Without background map.


----------



## Njaco (Jun 4, 2011)

ohhhh, I have to crank up the ole GIMP!!


----------



## vikingBerserker (Jun 4, 2011)

"Bring out the GIMP!"


----------



## Tangopilot89 (Jun 4, 2011)

Thank you very much Gnomey. I think they both look awesome but reckon I'll go with the first one.
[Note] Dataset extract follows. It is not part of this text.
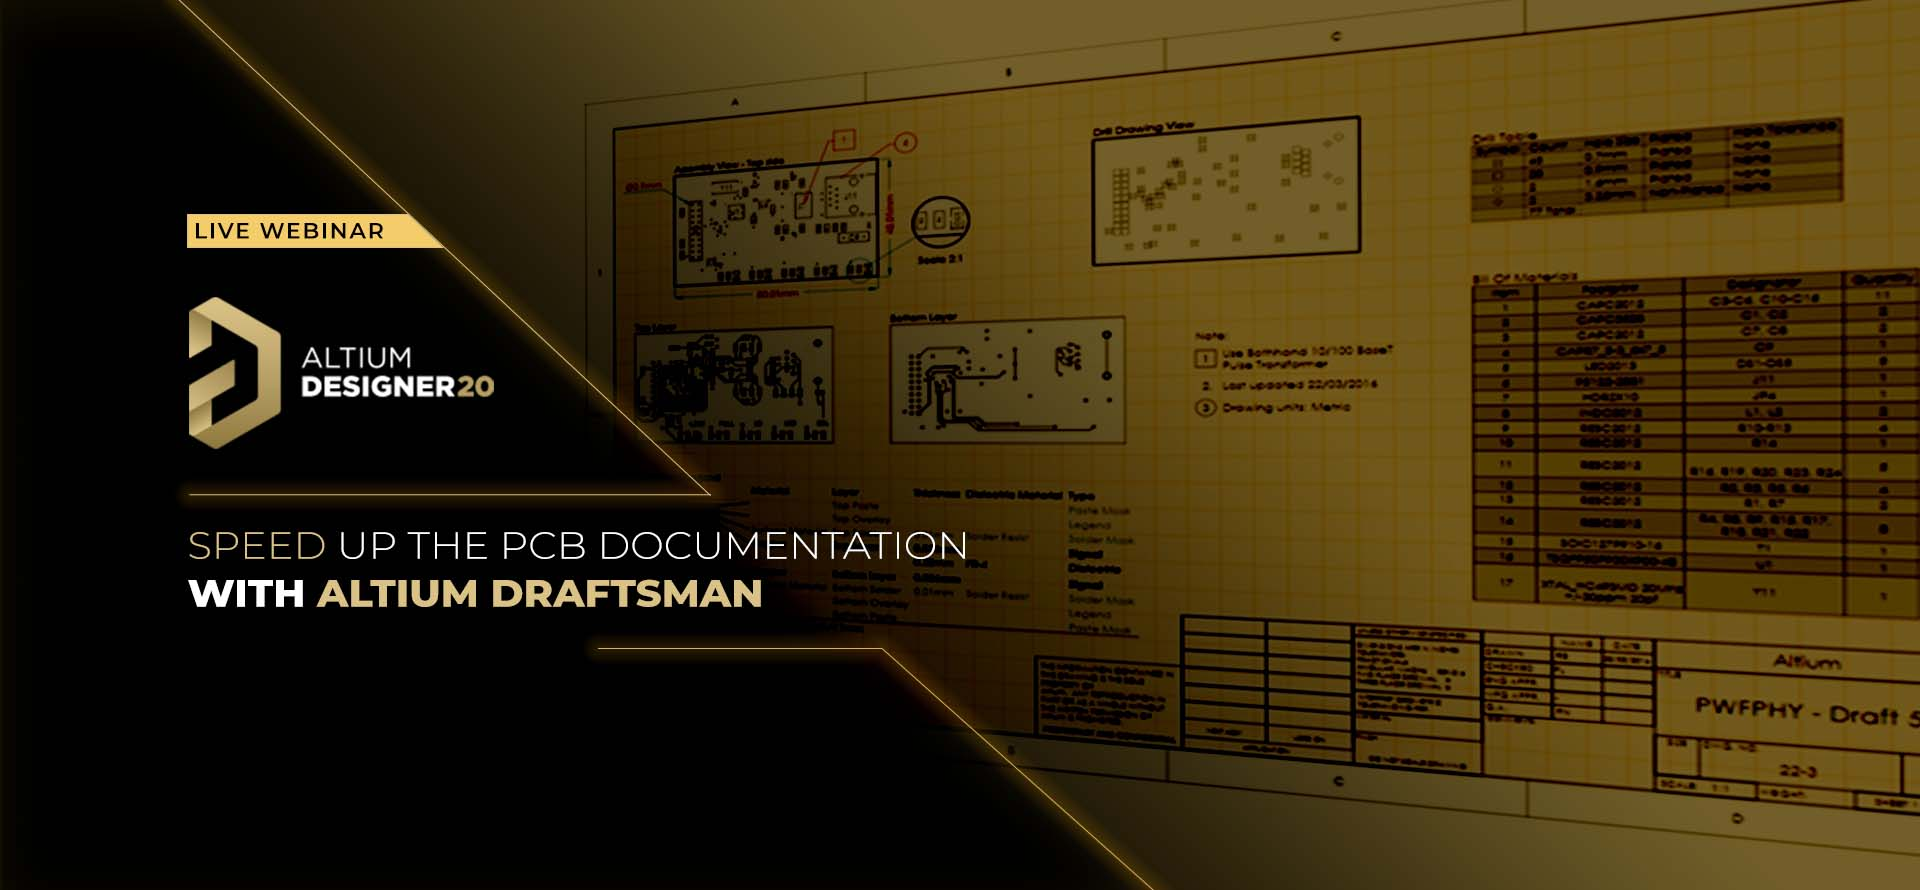 Speedup the PCB Documentation with Altium Draftsman

Now reading the 'How To Make A Signature Thread.' 

Cheers

Andy


----------



## Procrastintor (May 22, 2013)

I know this is an old thread but I was wondering how you do those signatures with the different planes and the caption beneath each one. Thanks.


----------



## Wurger (May 22, 2013)

Just using a graphic soft working with layers. Almost all siggies are a kind of a collage with a taxt added.


----------



## Procrastintor (May 22, 2013)

OK, I'll try to make one in the next couple of days, thanks Wurger.


----------



## Wurger (May 23, 2013)

You'r welcome.


----------



## Gnomey (May 23, 2013)

Most people use the free software GIMP: GIMP - The GNU Image Manipulation Program

A tutorial - http://www.ww2aircraft.net/forum/signature-general-pics-upload/simple-gimp-tutorial-25051.html
How to do a sig - http://www.ww2aircraft.net/forum/signature-general-pics-upload/new-how-make-siggy-33663.html
How to upload - http://www.ww2aircraft.net/forum/signature-general-pics-upload/new-how-upload-pic-33874.html

Others use Photoshop or similar programs.


----------



## N4521U (May 24, 2013)

Okay........................ 







You are now a siggy!


----------



## vikingBerserker (May 24, 2013)

LMAO

I can't believe I laughed at that....


----------



## N4521U (May 24, 2013)

I can't believe no one put it in before I thought of it.
We all know how slow I am.


----------